▶ **Exercise goal**
Copy exactly, and only, the lines from the one with "カビ汚れがついたお風呂場のドアに洗剤をまく男性" to the end of the listing; omit pictures.
[Data segment Boundary: Start]
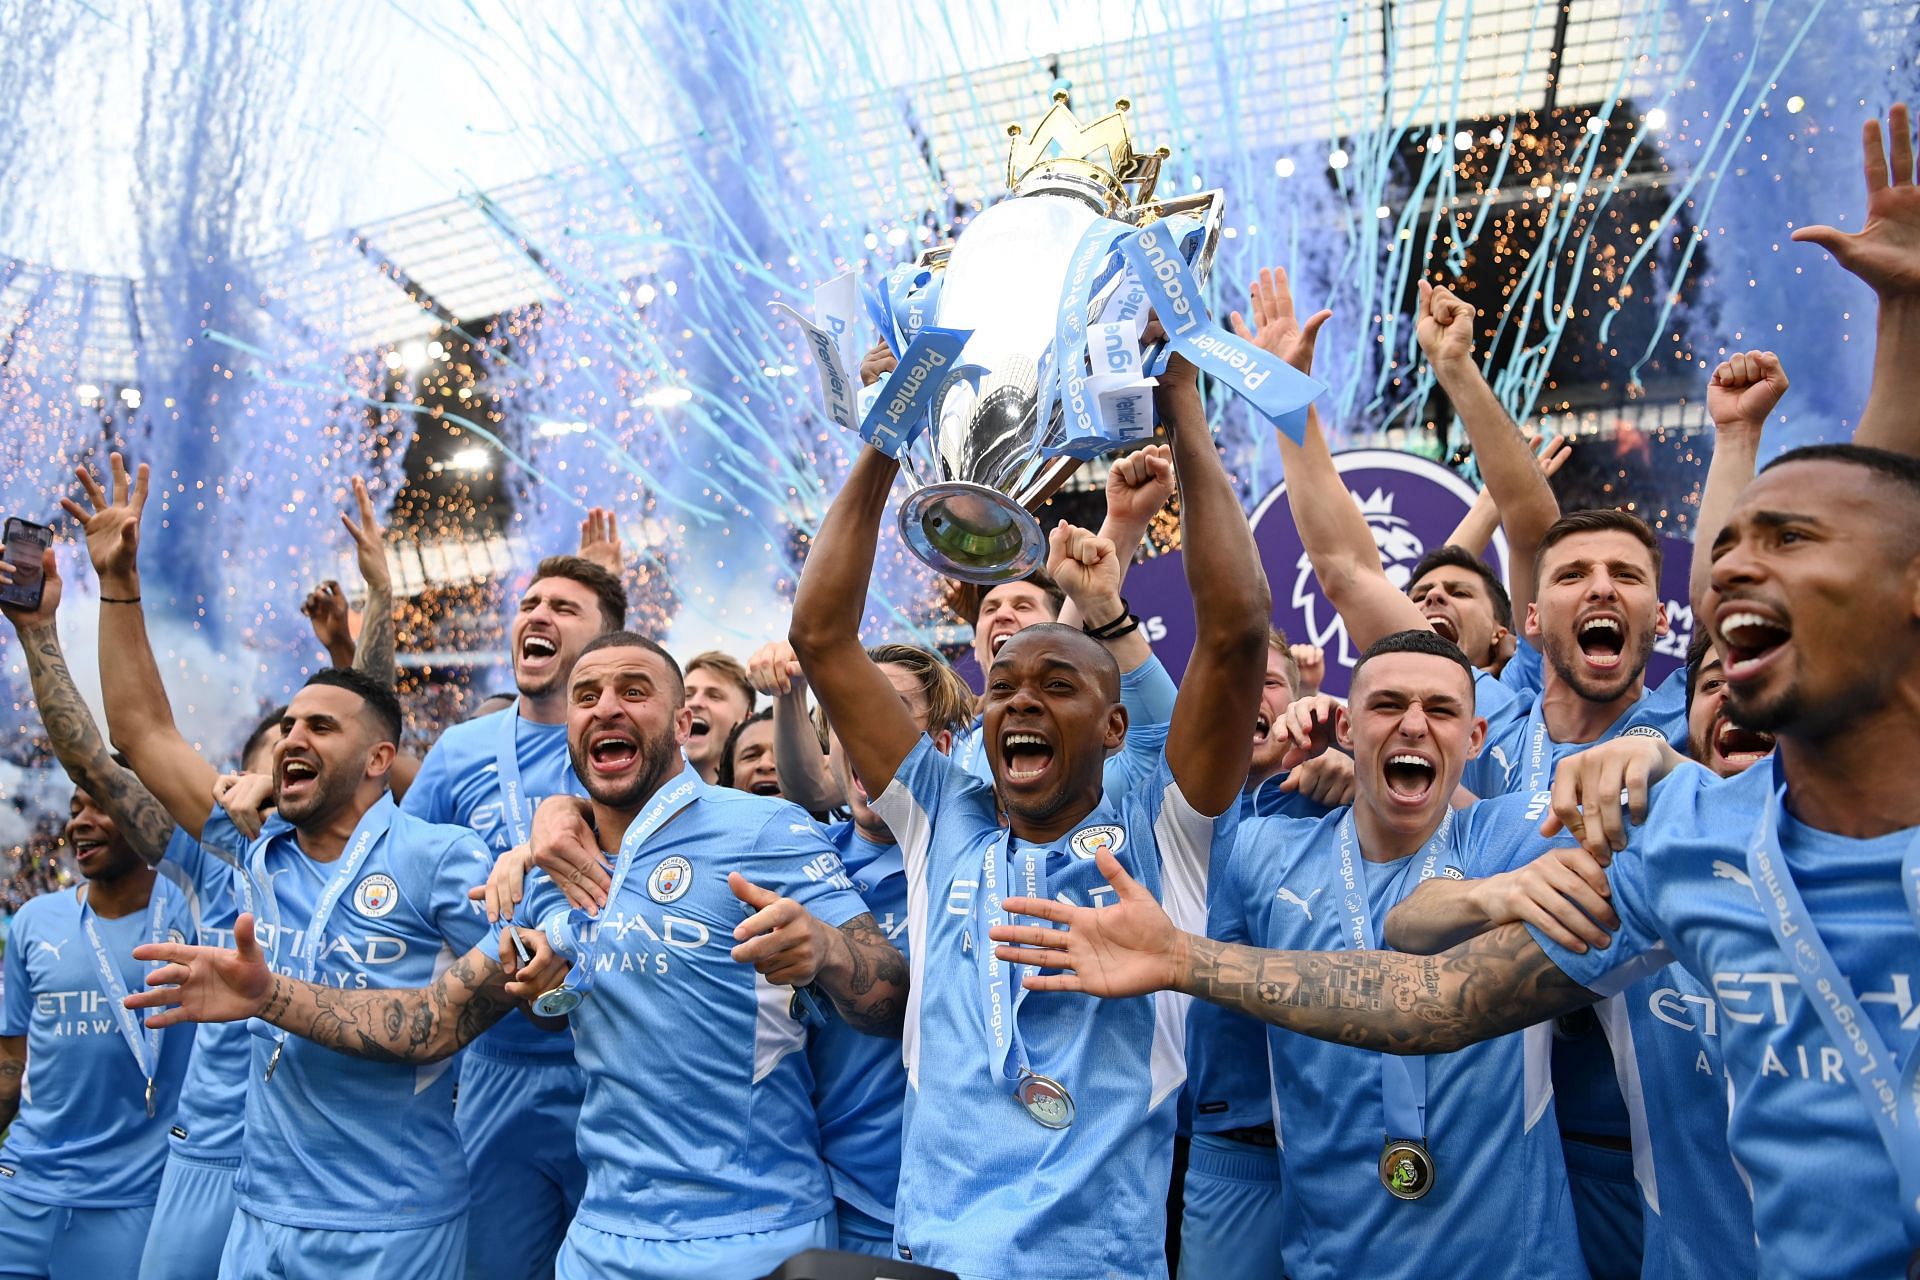 City have won four of the last five Premier League titles
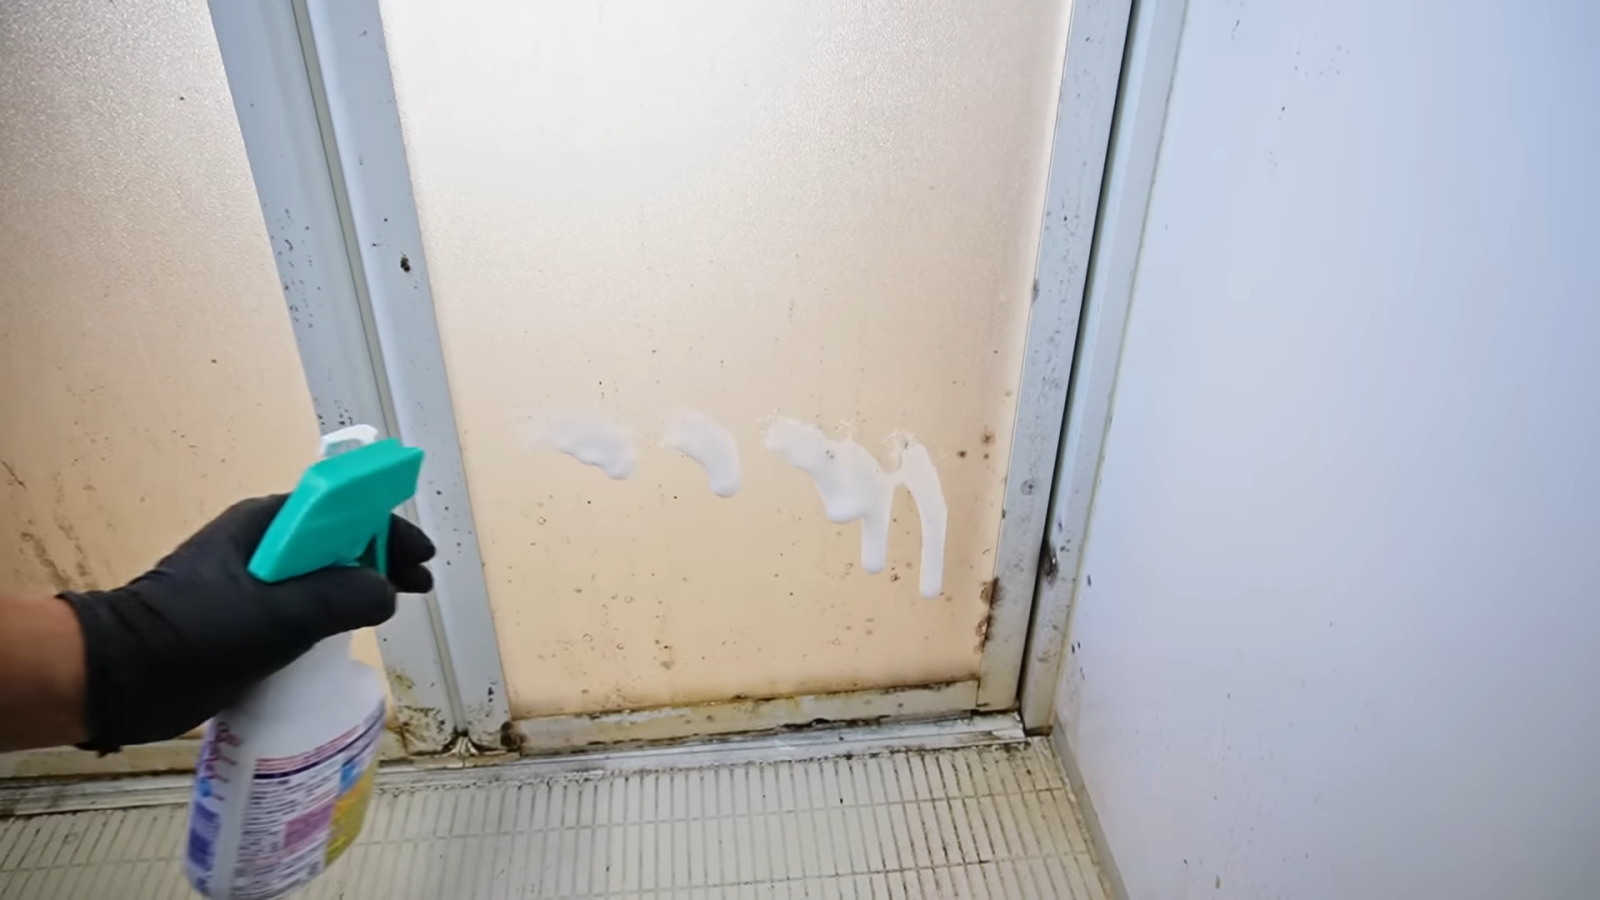 カビ汚れがついたお風呂場のドアに洗剤をまく男性
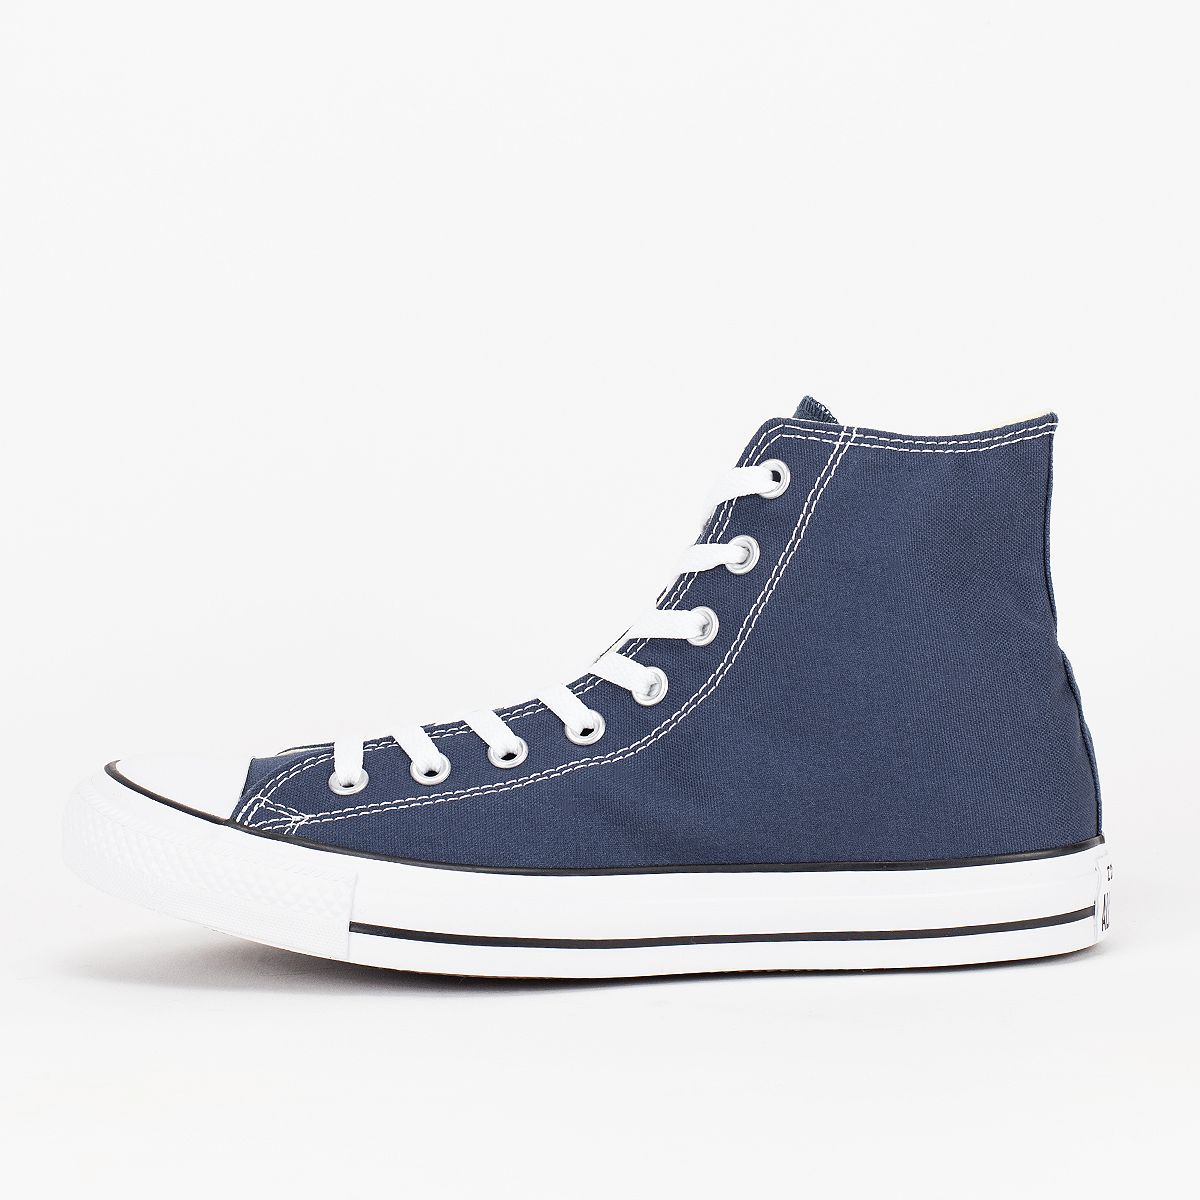 Converse Chuck Taylor All Star Hi Fashion sneakers Schoenen blue maat: 46 beschikbare maaten:41.5 43 44 45 42.5 44.5 46 48
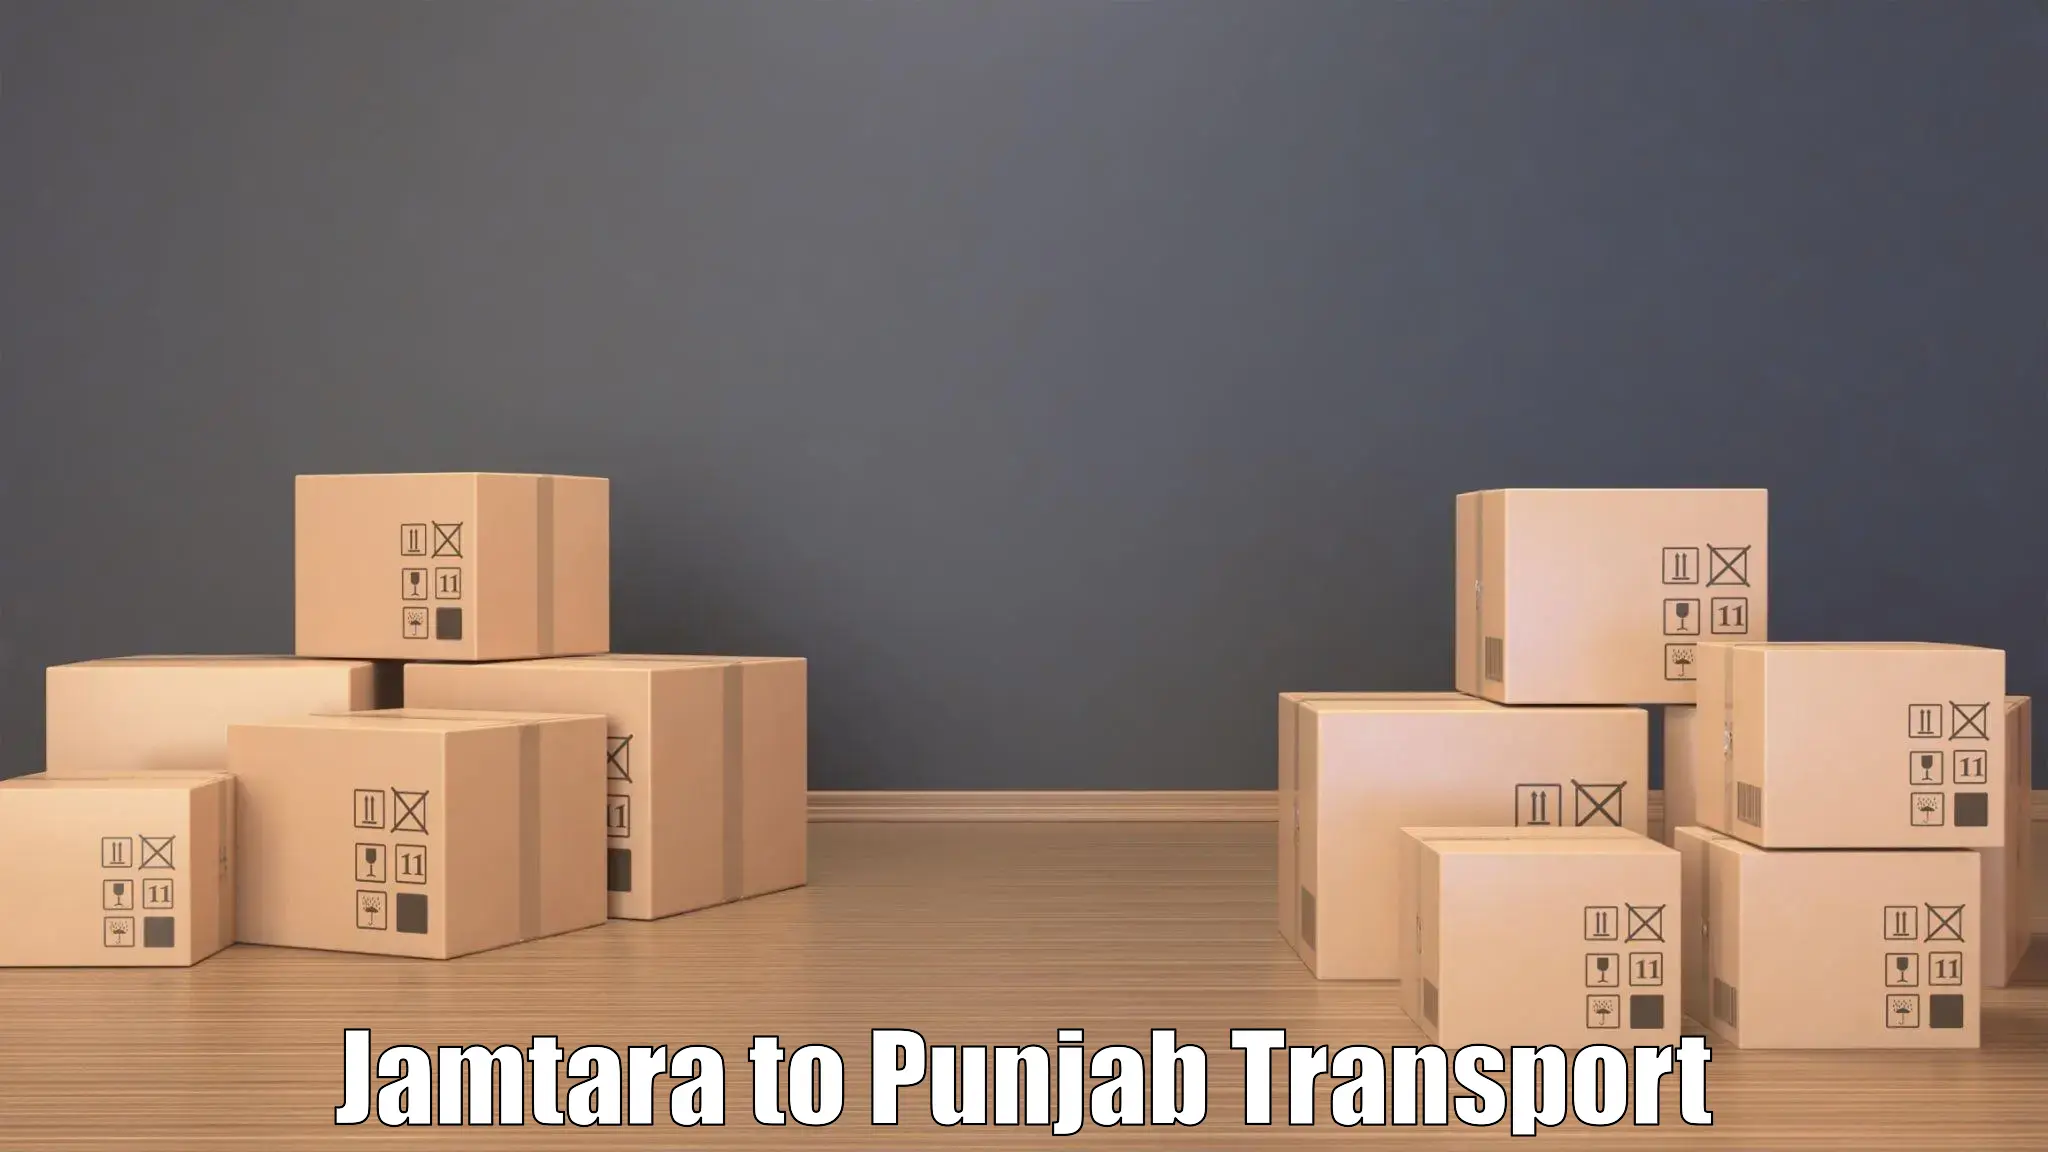 Sending bike to another city Jamtara to Talwara
[Data segment Boundary: End]
▶ **Answer space**
 カビ汚れがついたお風呂場のドアに洗剤をまく男性
 Converse Chuck Taylor All Star Hi Fashion sneakers Schoenen blue maat: 46 beschikbare maaten:41.5 43 44 45 42.5 44.5 46 48
 Sending bike to another city Jamtara to Talwara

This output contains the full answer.